If you’re in a union, then the answer is yes. Generally speaking, union workers can be fired only for “just cause,” so there has to be a good reason.

But nonunionized, at-will workers can be fired for bad reasons, or no reason at all.

… Here’s a short list of reasons you can be fired, put together by Brooklyn College Professor Corey Robin: “not smiling at work, smiling too much; not being friendly to my coworkers, being too friendly; demonstrating insufficient initiative, not being a team player; kowtowing to management, being insubordinate; being a leader, being a follower; braiding my hair in corn rows, wearing it straight; wearing long pants, wearing short pants; sporting an earring, refusing to do so; having a beard, shaving it off; fingernails too long, fingernails too short.”

These have serious implications in todays work environments, managing workers through fear.

Corey Robin has written at length about how the lack of worker protections feeds a culture of fear in the American workplace: The fear of being fired at any moment, of failing to live up to your boss’s expectations, of crossing lines you didn’t know existed. “Among the adult population,” he writes, “only prisoners and soldiers are expected to obey their superiors more often and more unquestioningly.”
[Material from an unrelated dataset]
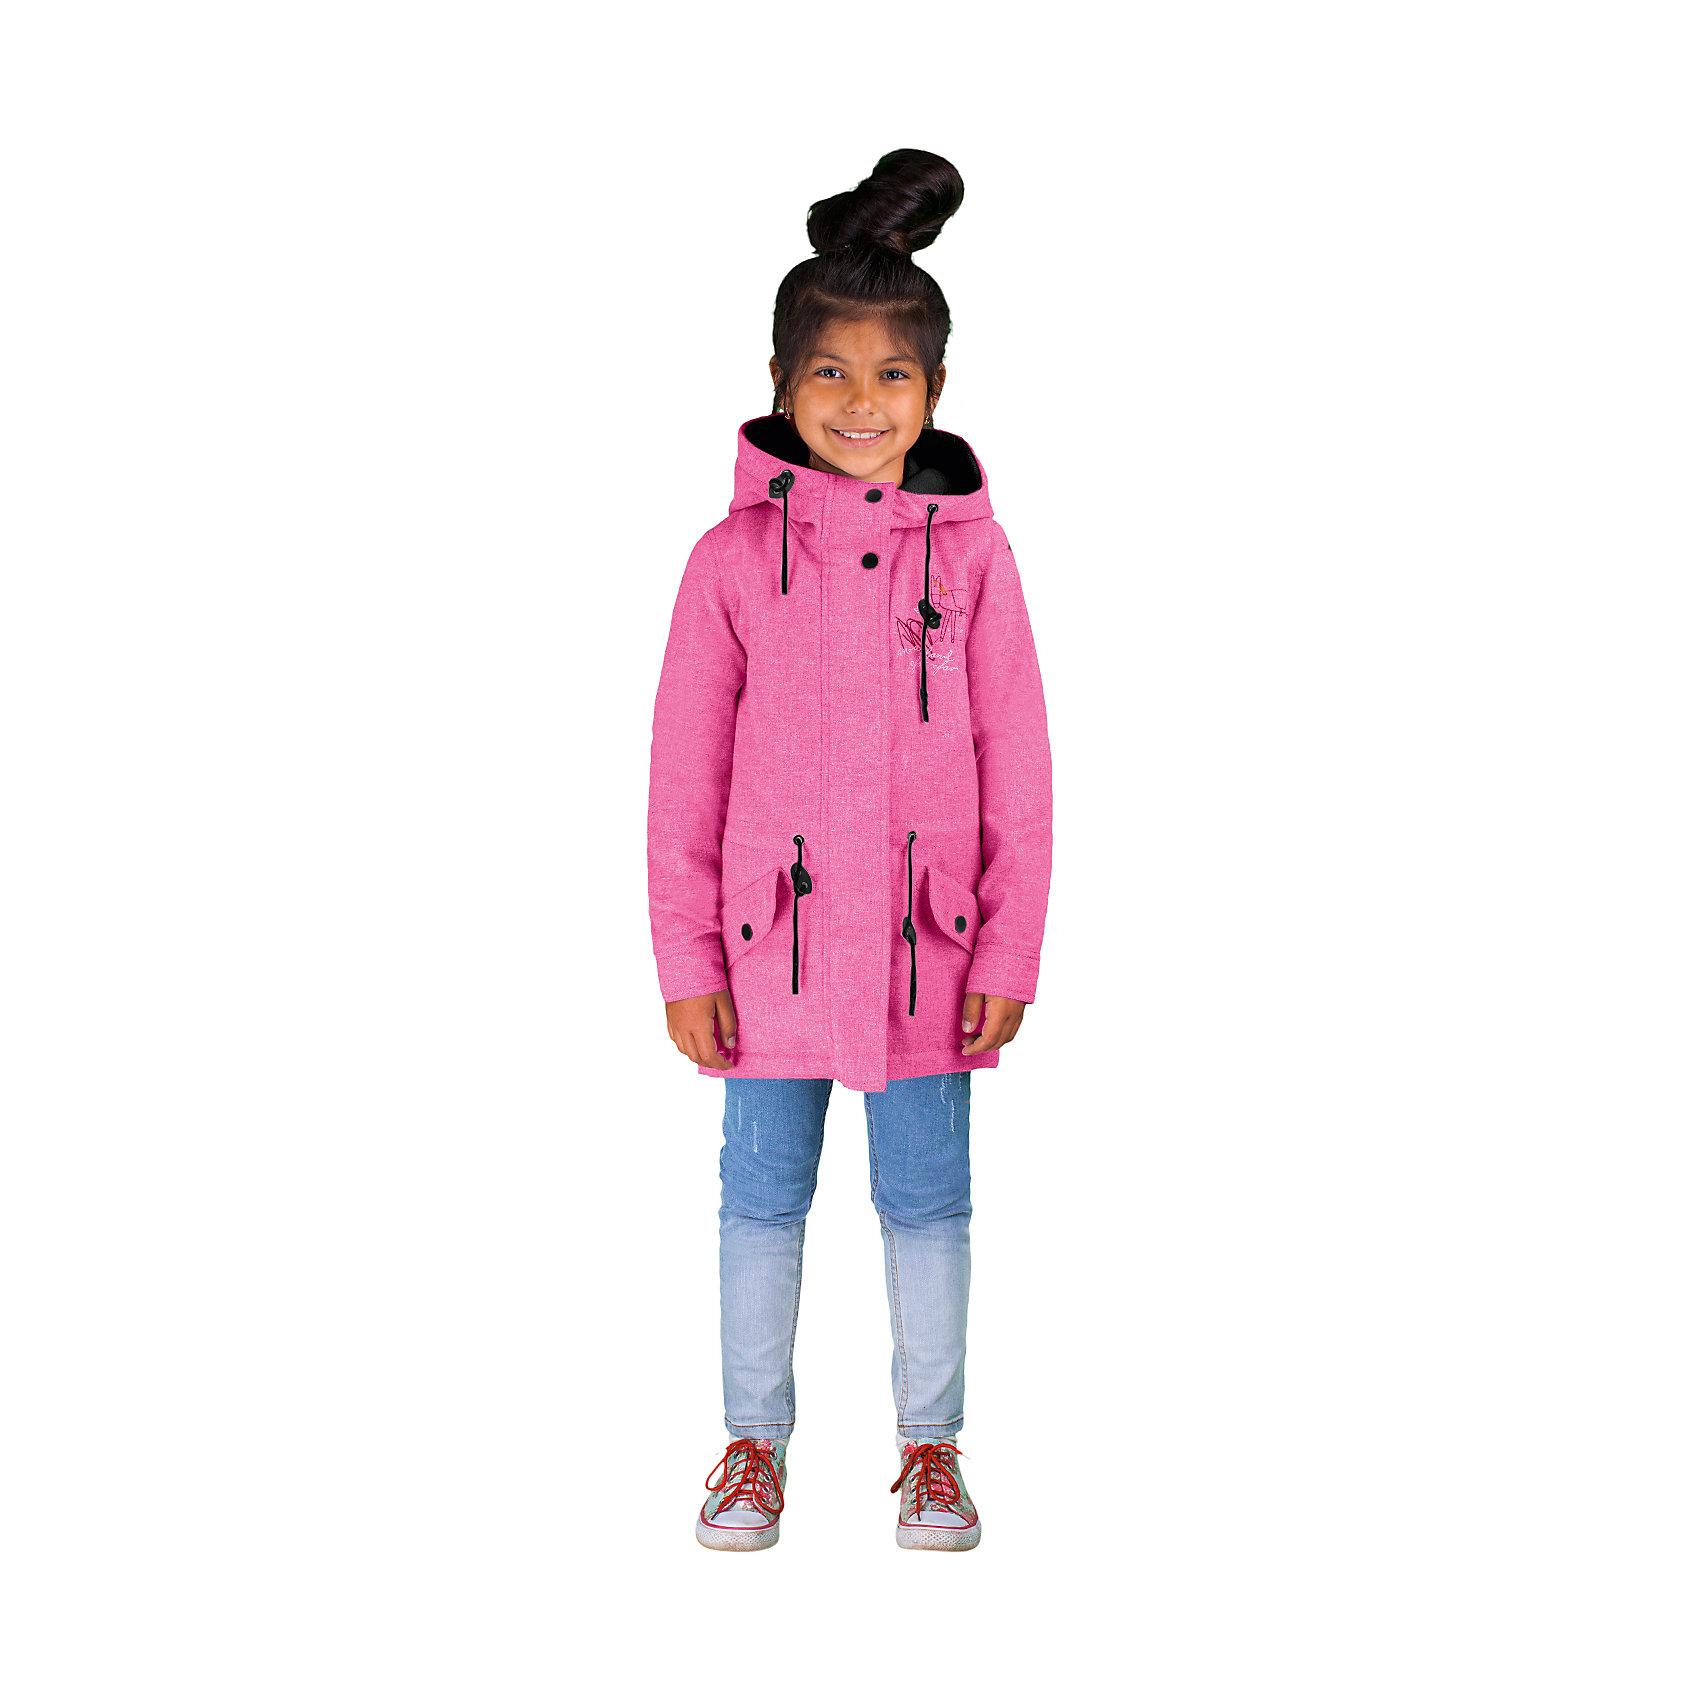 Куртка-парка для девочки BOOM by OrbyВерхняя одежда<br>Характеристики товара:<br><br>• цвет: розовый<br>• состав: верх - таффета, подкладка - флис, ПЭ, без утеплителя<br>• температурный режим: от +7°до +15°С<br>• планка от ветра<br>• капюшон<br>• застежка - молния<br>• демисезонная<br>• карманы<br>• шнурок в поясе<br>• комфортная посадка<br>• страна производства: Российская Федерация<br>• страна бренда: Российская Федерация<br>• коллекция: весна-лето 2017<br><br>Одежда для детей должна быть особо комфортной! Такая курточка - отличный вариант для межсезонья с постоянно меняющейся погодой. Эта модель - модная и удобная одновременно! Изделие отличается стильным ярким дизайном. Куртка дополнена мягкой подкладкой.<br><br>Куртку-парку для девочки от бренда BOOM by Orby можно купить в нашем интернет-магазине.<br><br>Ширина мм: 356<br>Глубина мм: 10<br>Высота мм: 245<br>Вес г: 519<br>Цвет: розовый<br>Возраст от месяцев: 48<br>Возраст до месяцев: 60<br>Пол: Женский<br>Возраст: Детский<br>Размер: 116,122,128,134,140,146,110,152,158,104,98<br>SKU: 5343010

Along similar lines, University of Michigan political philosopher Elizabeth Anderson has referred to American corporations as private governments, mini-dictatorships where the executives lord their power over subordinate workers, who are subject to exile (firing) at any moment.

Yet, Anderson admits that most Americans don’t understand how powerless they are, or how profoundly subject to the whims of their employers. And that itself tells us something.

It is very telling. The majority of workers do not understand the laws that surround their employment.  They only know that they can be fired at any time, which discourages them from speaking out even when they do know that laws are being broken.

Maybe this is why public support for unions and their organizing efforts have begun to rise. According to a Gallop poll, 59% of Americans approve of labor unions.  This is up over ten percent since 2009.

Or maybe it is because people are being to realize that being in a union has more benefits that just job protections. It means better healthcare benefits, paid time off, and of course higher wages.

A recent study just showed that women who are covered by a union contract will earn on average $212 a week more.

For over a hundred years labor unions have been standing up for workers and fighting against corporate greed.  One of the best examples right now is the nationwide fight to raise the minimum wage that is being pushed by labor unions and community advocates.  They are fighting for a $15 minimum wage and the right to form a union.

More union members and stronger unions are just what America needs right now.